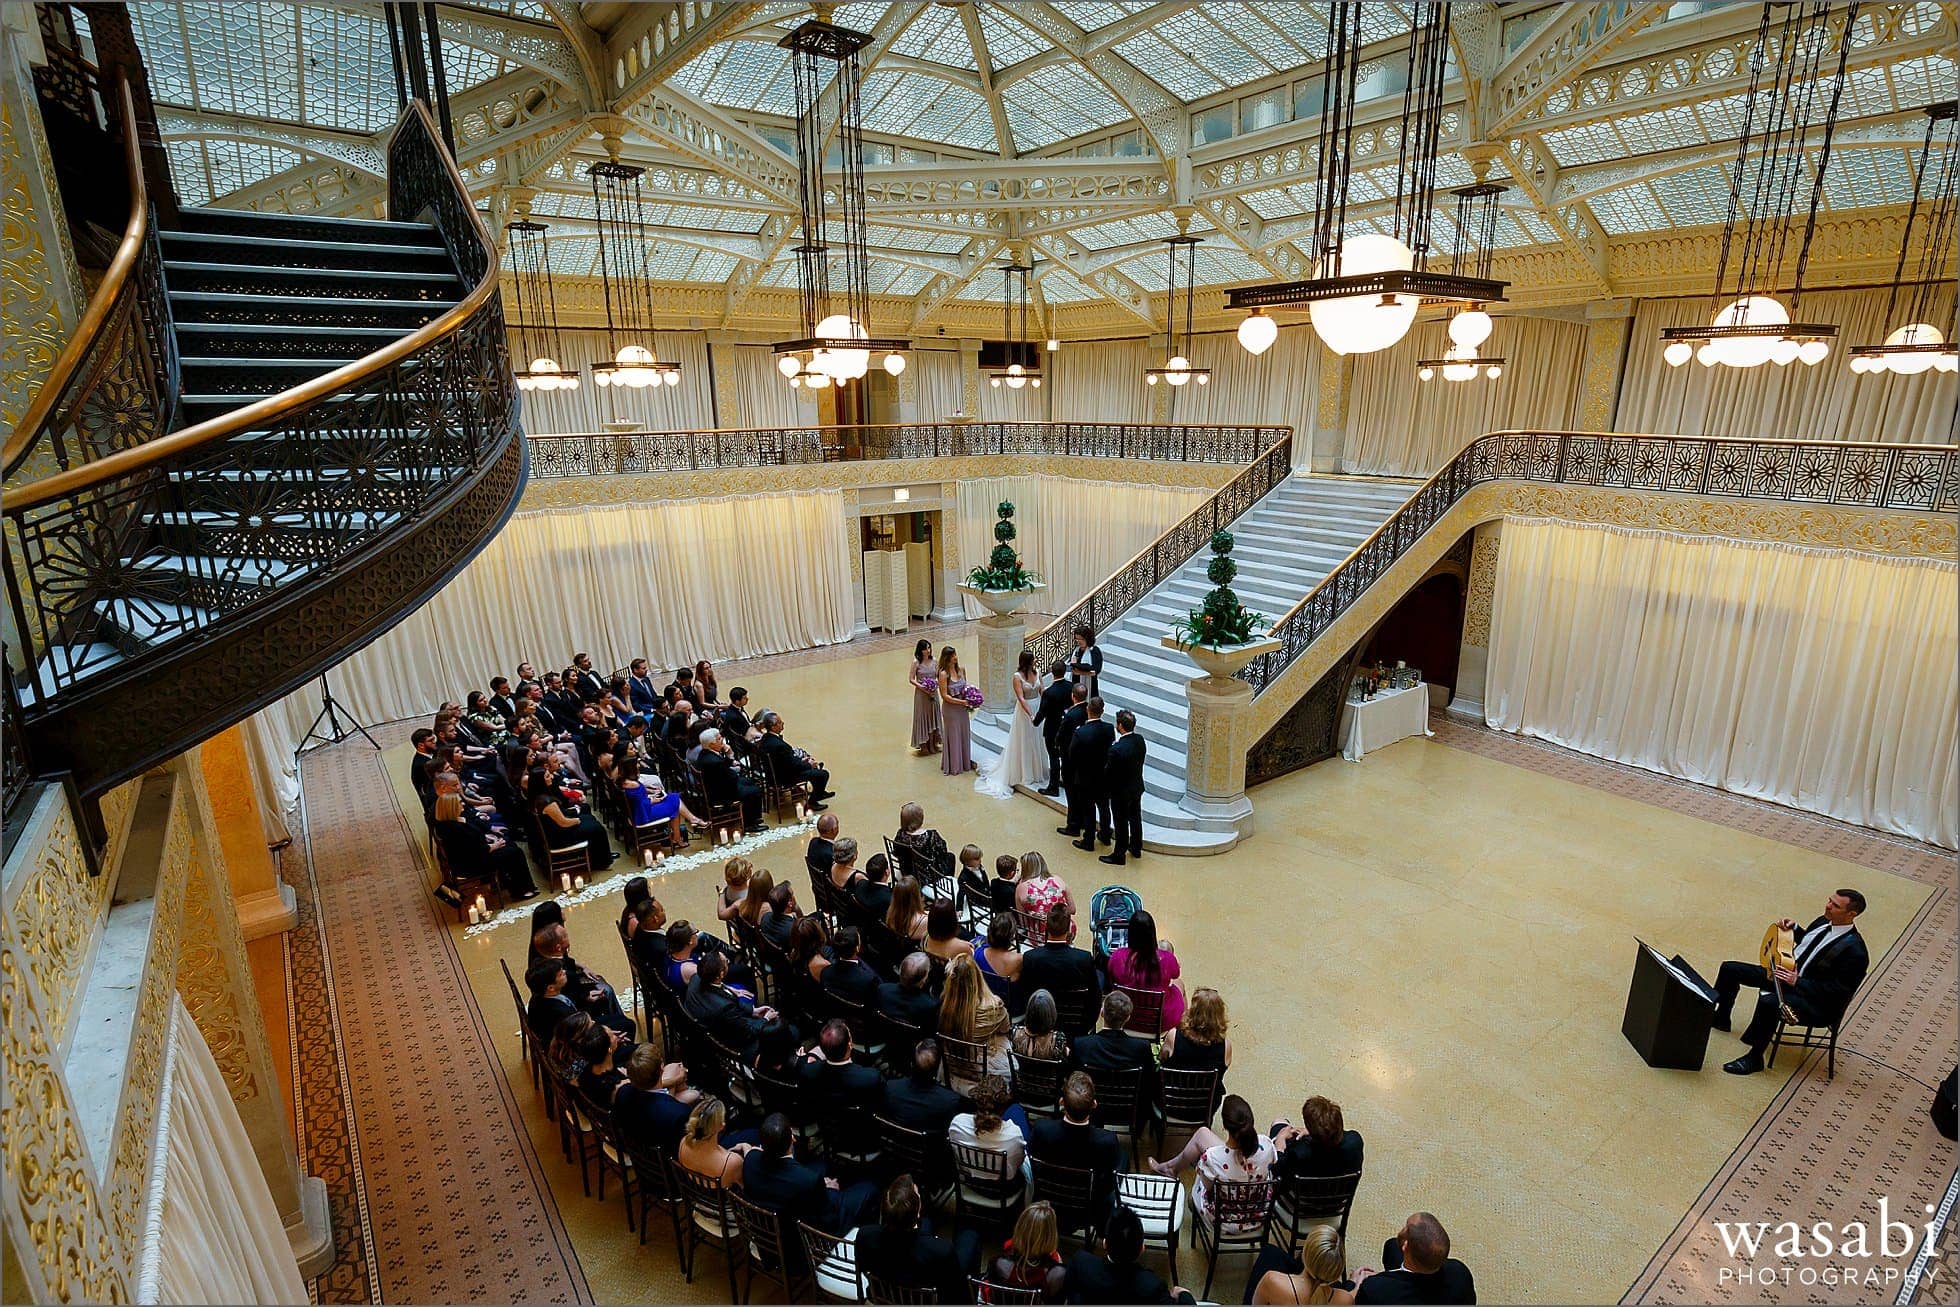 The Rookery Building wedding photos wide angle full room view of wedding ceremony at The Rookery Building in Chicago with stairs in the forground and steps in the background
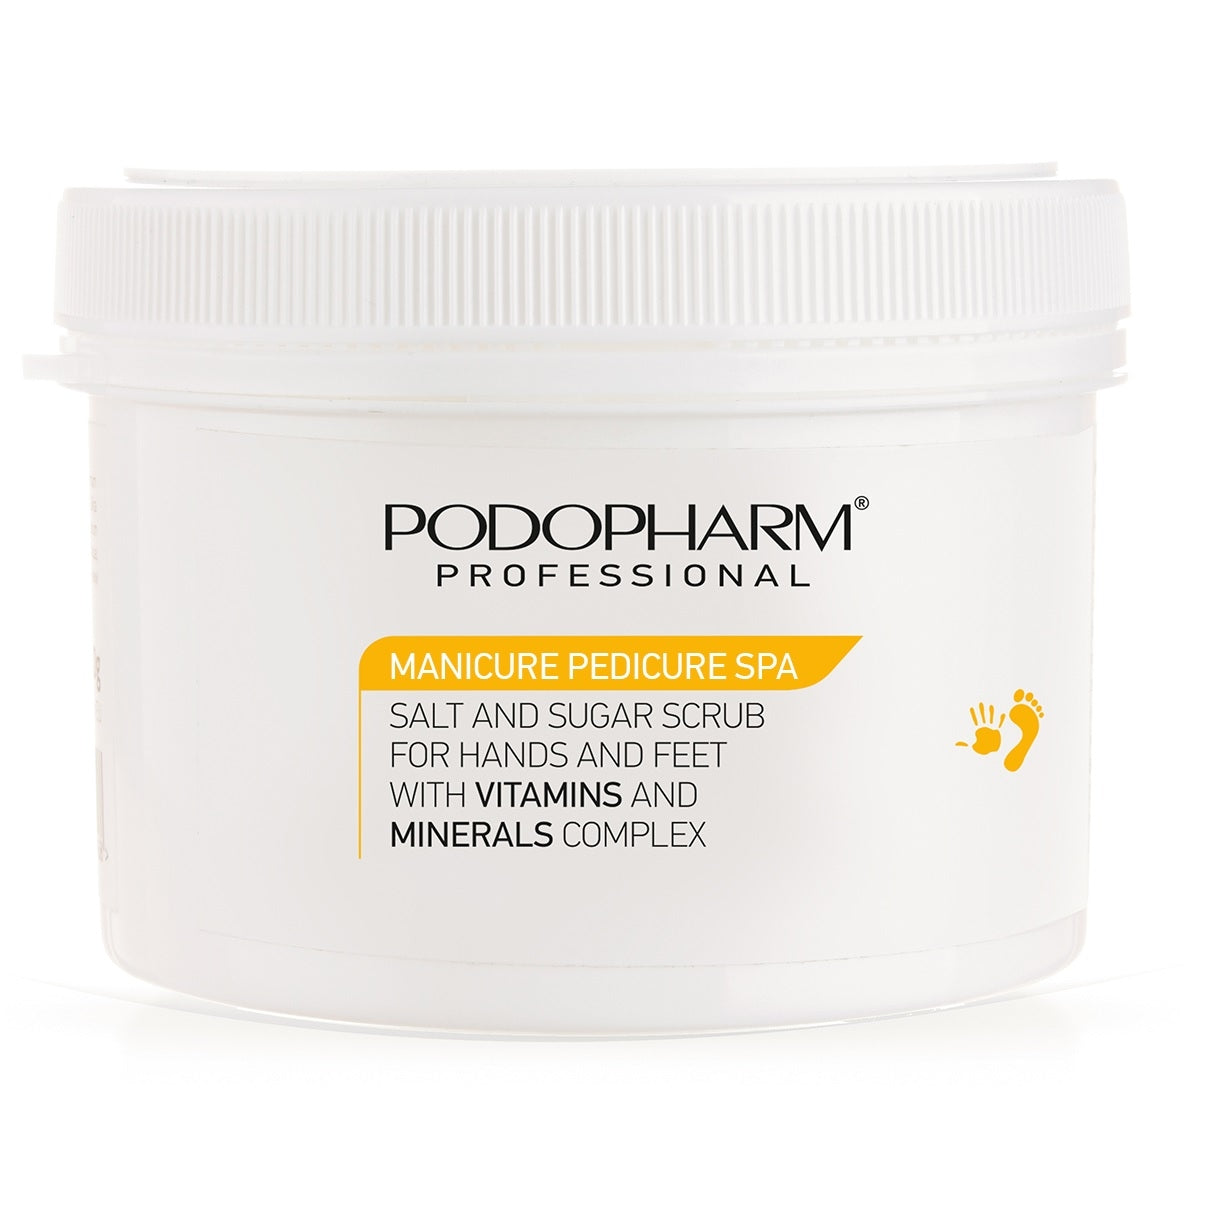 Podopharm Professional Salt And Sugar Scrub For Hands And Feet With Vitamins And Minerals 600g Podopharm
==
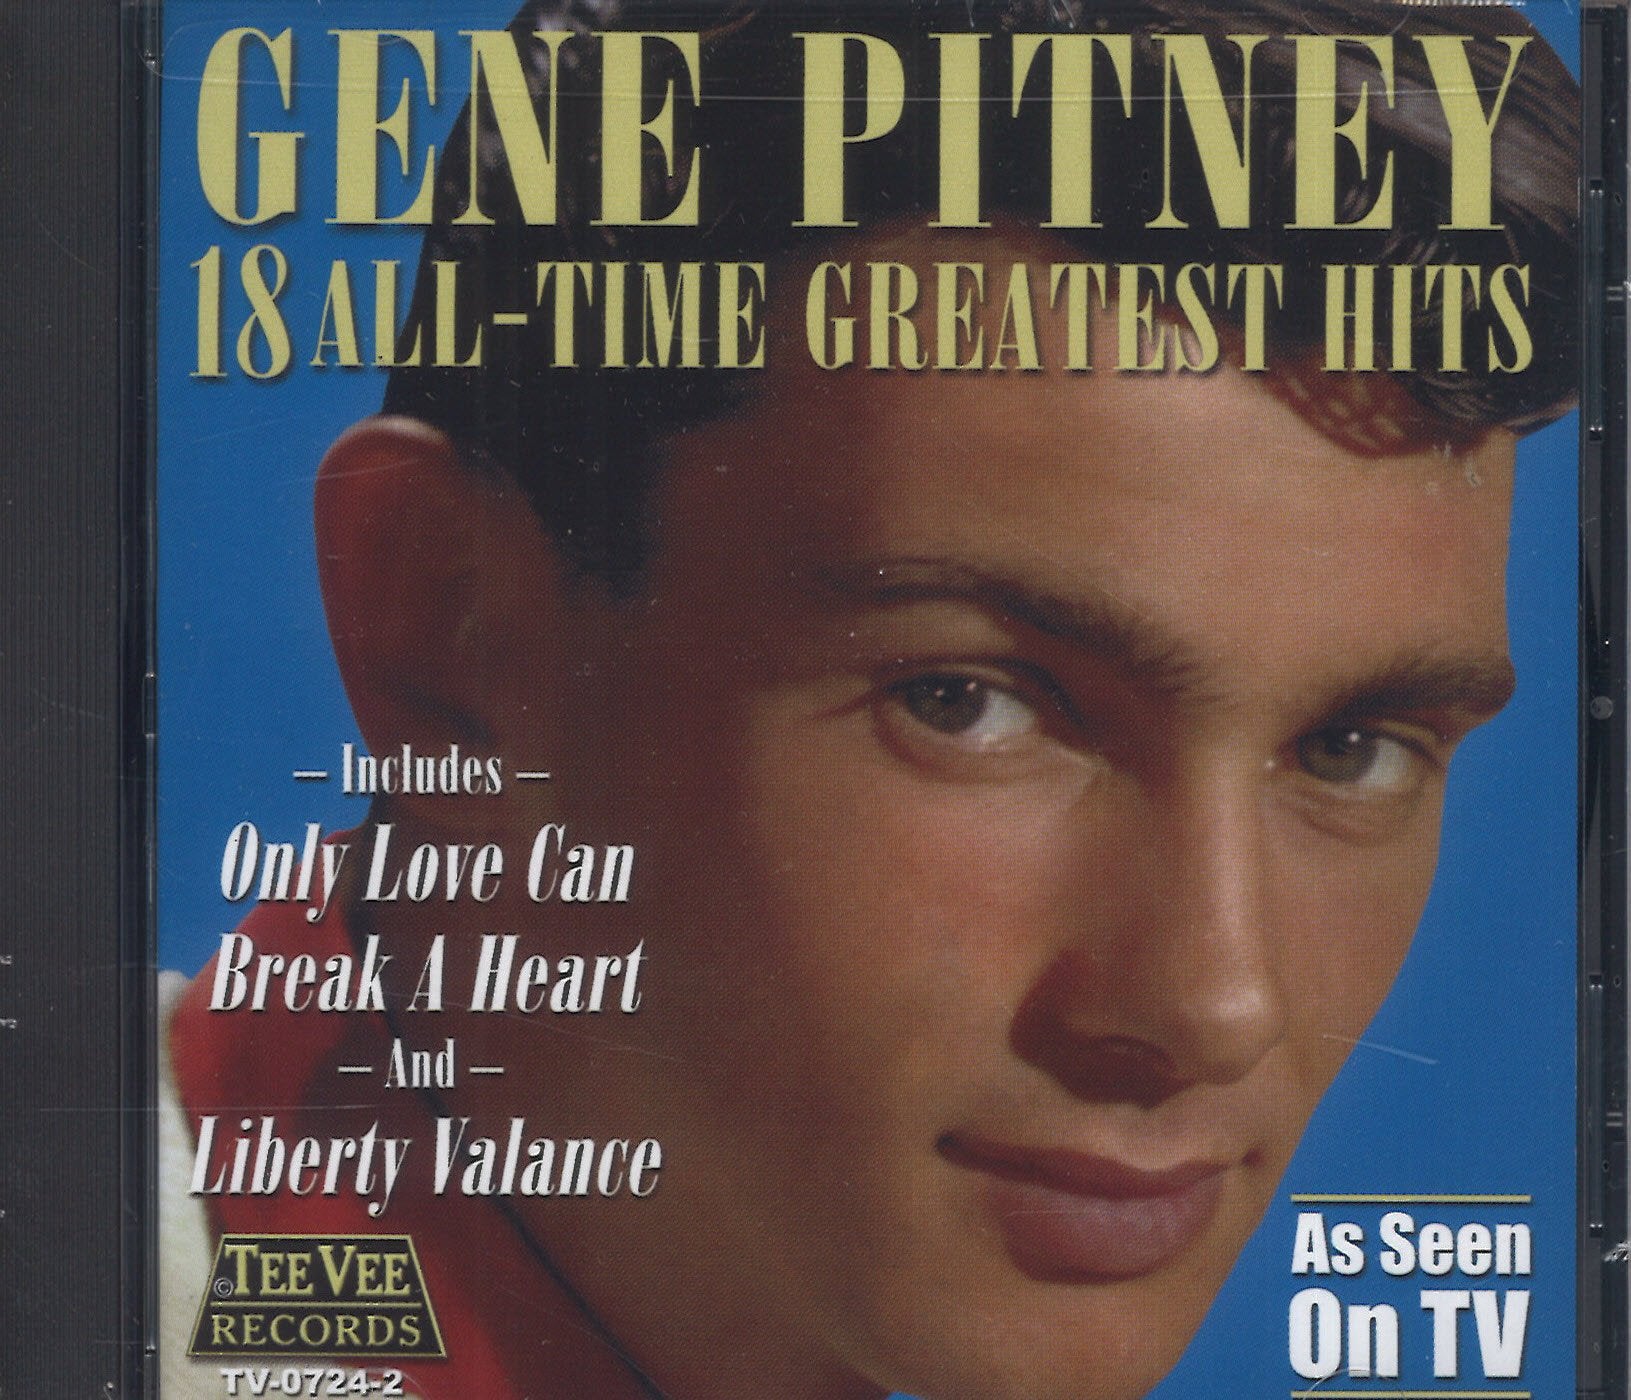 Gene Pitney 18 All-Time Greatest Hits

_WHAT TO DO:_
What you need to produce is an exact copy of the entries above, limited to the lines from the one with "The Rookery Building wedding" up to and including the one with "Podopharm Professional Salt", without pictures.

_RESPONSE BELOW:_
 The Rookery Building wedding photos wide angle full room view of wedding ceremony at The Rookery Building in Chicago with stairs in the forground and steps in the background
 Podopharm Professional Salt And Sugar Scrub For Hands And Feet With Vitamins And Minerals 600g Podopharm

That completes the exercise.